Friday, December 25, 2020

William B. Bogardus (1929-2020)

This morning I received a note from Perry Brewer from up in New Brunswick, Canada, informing me of the passing of William B. Bogardus. You can find his note in the comments on the post of August 15, 2012. Bill died a few weeks ago on December 5th. An obituary can be found online here

 Those who frequent this website would have encountered the mention of Bill's name in many posts. And of course there is the "William B. Bogardus Collection," which bears his name. He didn't give it that name. I did. But I'm sure he didn't mind. Bill very generously gave me physical possession of the very large collection of material he laboriously collected over many years. It consisted of published pieces, notes, and mostly correspondence between Bill and his uncountable "Cousins." His intent was to compile and publish a genealogy of the descendants of Adam Brouwer, of which he was one. However, along about 2008 he came to the realization that he would not be able to complete that quest, and so he passed the material on to me.
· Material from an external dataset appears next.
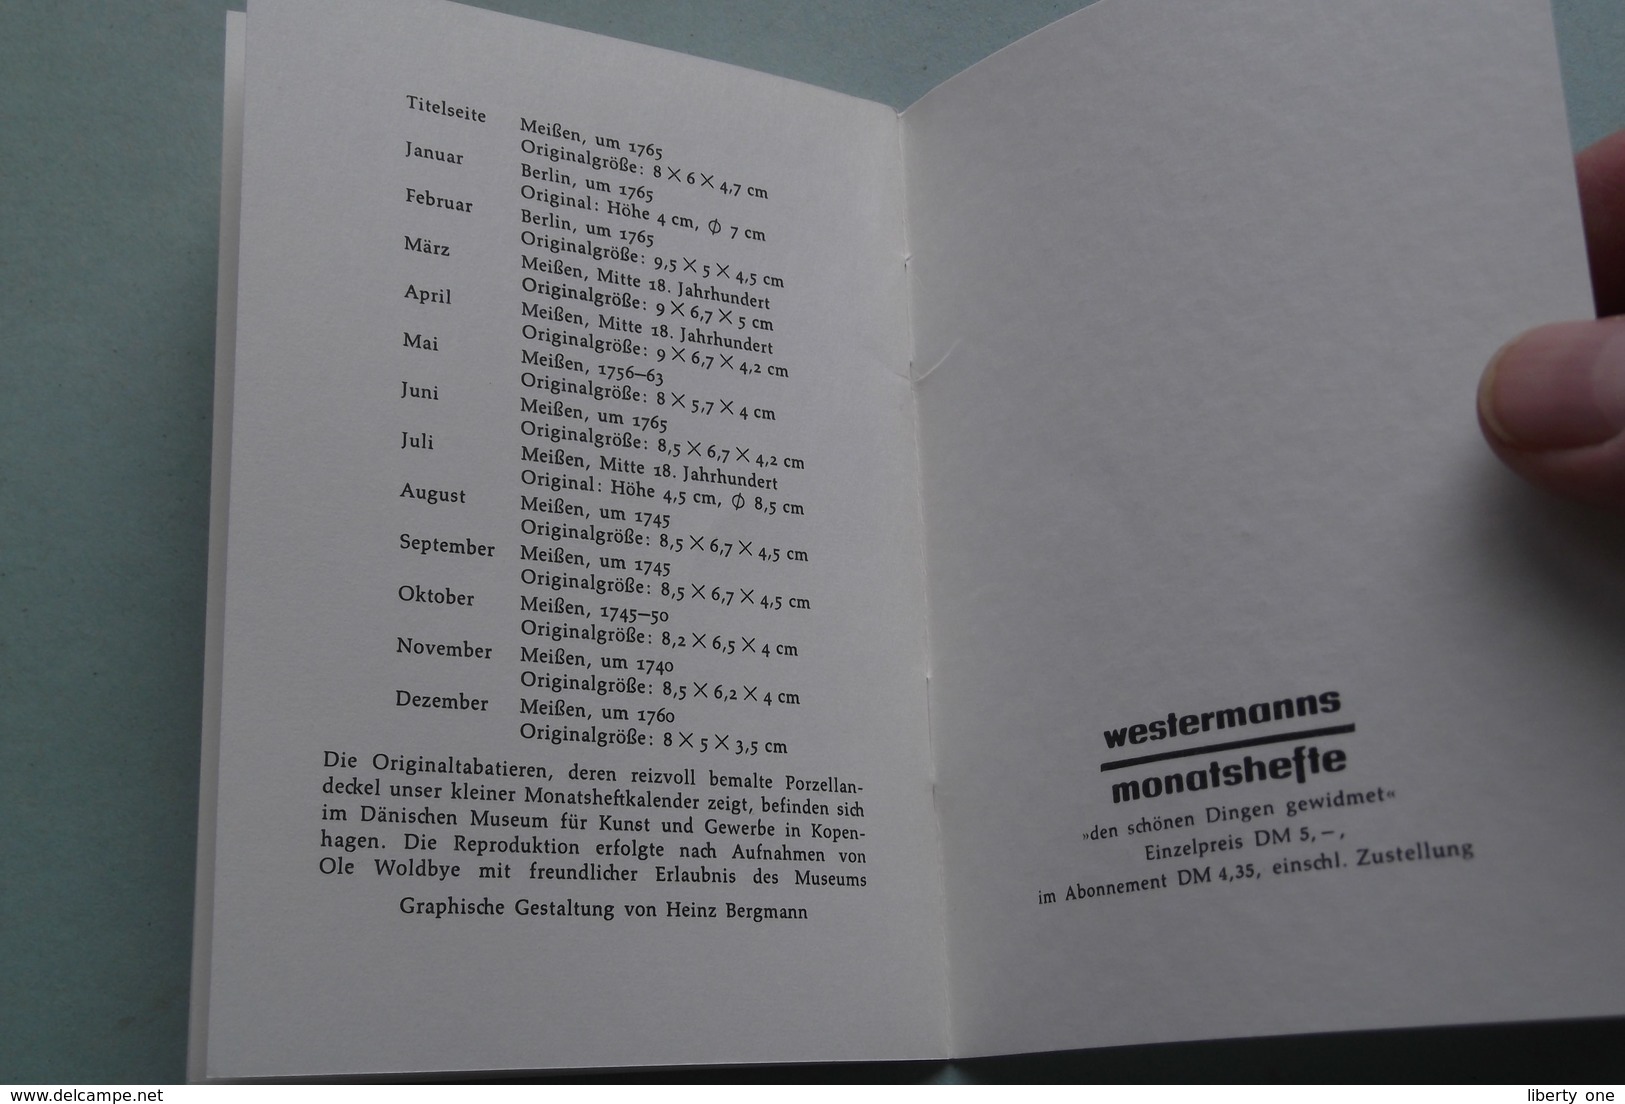 ROKOKO-TABATIEREN > Georg WESTERMANN Verlages von Johannes SCHULTE Zweibrücken ( Kalender 1968 > zie foto's ) !

It was a lot of stuff. In the pages of this blog, somewhere, you might find my comments on just how much. Even with all that, he mentioned to me that it was but a fraction of the material and correspondence that he had collected regarding his foremost mission, a genealogy of the descendants of Anneke Jans through seven generations, which sadly too, he apparently did not get to finally publish. 
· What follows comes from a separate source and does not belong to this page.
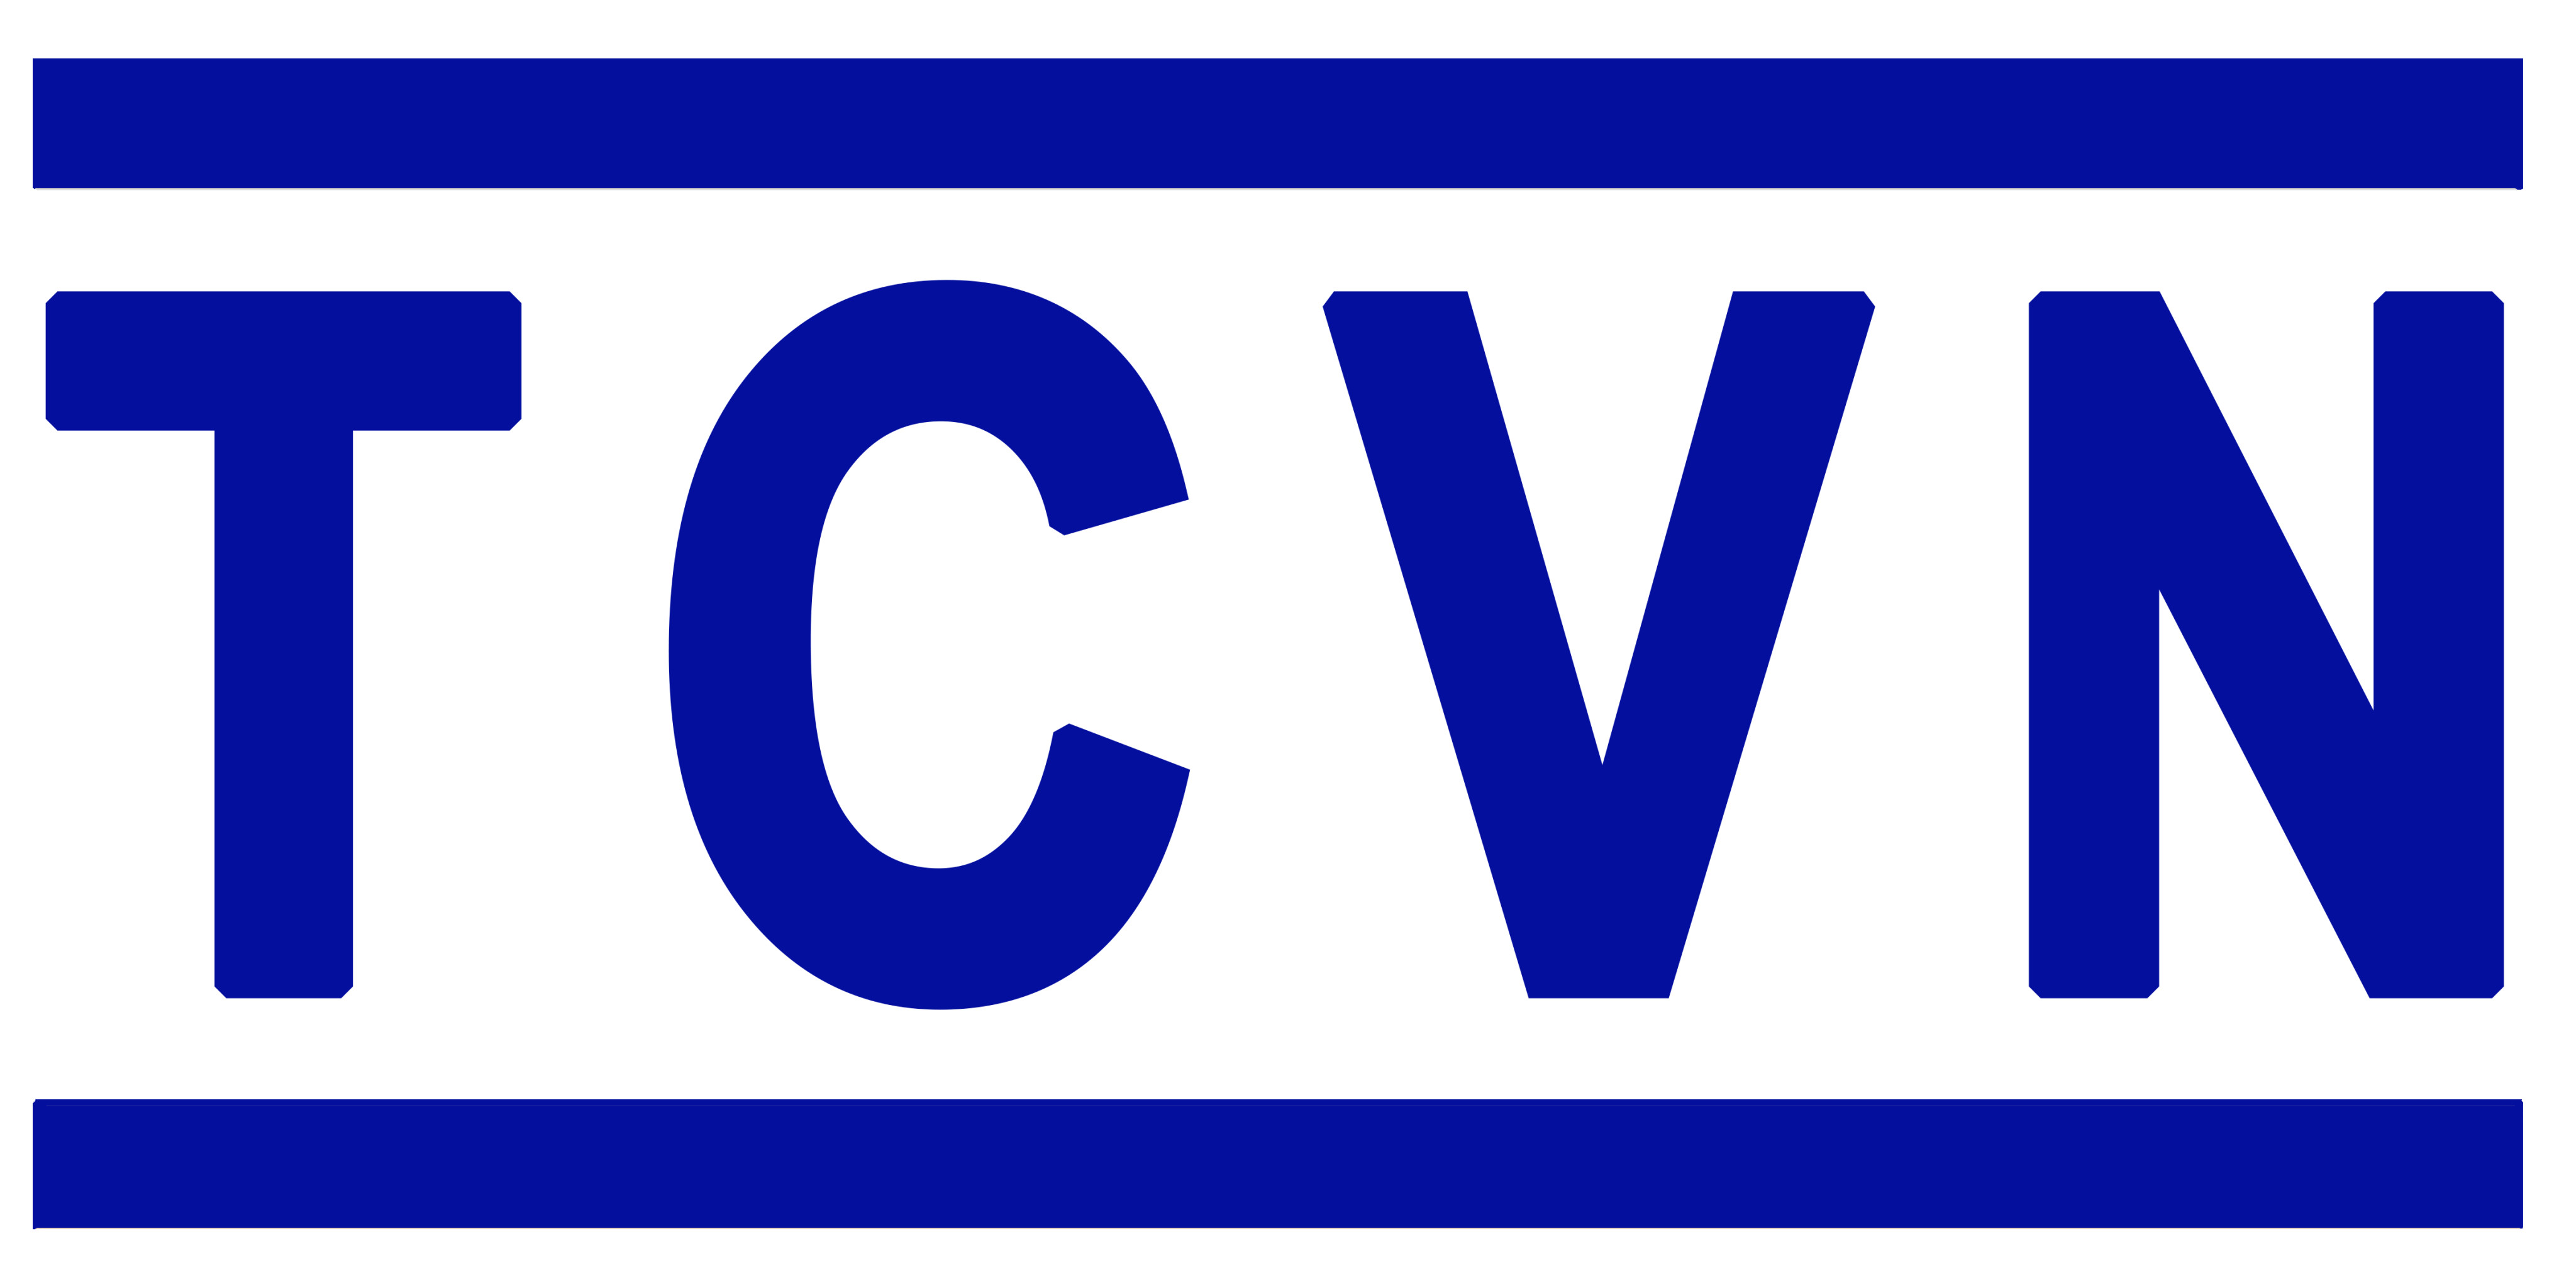 Danh mục tiêu chuẩn Quốc Gia (TCVN) công bố tháng 11 năm 2020

  I spent countless hours over many, many months with this material. Much of it was correspondence, and to put it all in context you have to remember that Bill started this work back in the 1960s, long before there was an internet and email and terabits of digitized documents and publications available online. Everything had to be done the "old fashioned way" through handwritten or typed letters, travel to and from libraries and archives and court houses, spending hours over and money on copy machines. You get the idea. I very often found myself stopping in the middle of whatever it was I was looking at to just think about and marvel at how much time, effort and money Bill had to have spent accumulating it all. The most impressive part was the correspondence with his "Cousins." It started in the late 1960s and went right through to the early 2000. Hand written letters with questions and queries, literally hundreds of them. I can imagine that when his Anneke Jans correspondence was added in he had perhaps a few thousand correspondents sending questions and requests from all over. And as far as I can ascertain, he answered everyone of them! And not just with a short note, but with a letter, sometimes a rather lengthy one, typed out on his stationary. I was amazed. I would just try and imagine the amount of time he spent just answering his mail. I don't know that I could have done it. I don't know that too many people out there could have done it. And sometimes the correspondence would go back and forth over a period of months and even years. He always answered. That's what stuck with me the most. He always answered.

  In 1996 Bill published, Dear "Cousin": A Charted Genealogy of the Descendants of Anneke Jans Bogardus (1605-1663) to the 5th Generation. If you are a researcher of Anneke Jans and her descendants it is the place to start (search online and you'll find copies for sale). As mentioned, Bill had hoped to expand this work to seven generations of descendants and to publish it in a traditional journal type format. Bill was also a co-author with Richard Brewer and Scott Kraus on "DNA Analysis: Adam Brouwer Berckhoven, Elias Brouwer of New Jersey and John Brewer of Ohio," which was published in the New York Genealogical and Biographical Record in 2007 (Vol. 138, no. 4). This work was groundbreaking in that, as far as I can tell, it was the first article accepted and published by one of the "major" genealogical journals that focused on using DNA analysis to sort out lines of paternal ancestry. It demonstrated that Adam Brouwer of Gowanus, L. I. and Jan Brouwer of Flatlands, L. I. were not in anyway related and that anyone living today who was uncertain as to which one their Brower or Brewer ancestry would lead, could settle the question with a simple Y-DNA test from a direct male ancestor. The article was there as a seminal part of the early years of the Brewer DNA Project, and I also have to mention that Bill was, unsurprisingly, very generous with his time in helping and answering questions of the earliest participants in the Project. Myself included. 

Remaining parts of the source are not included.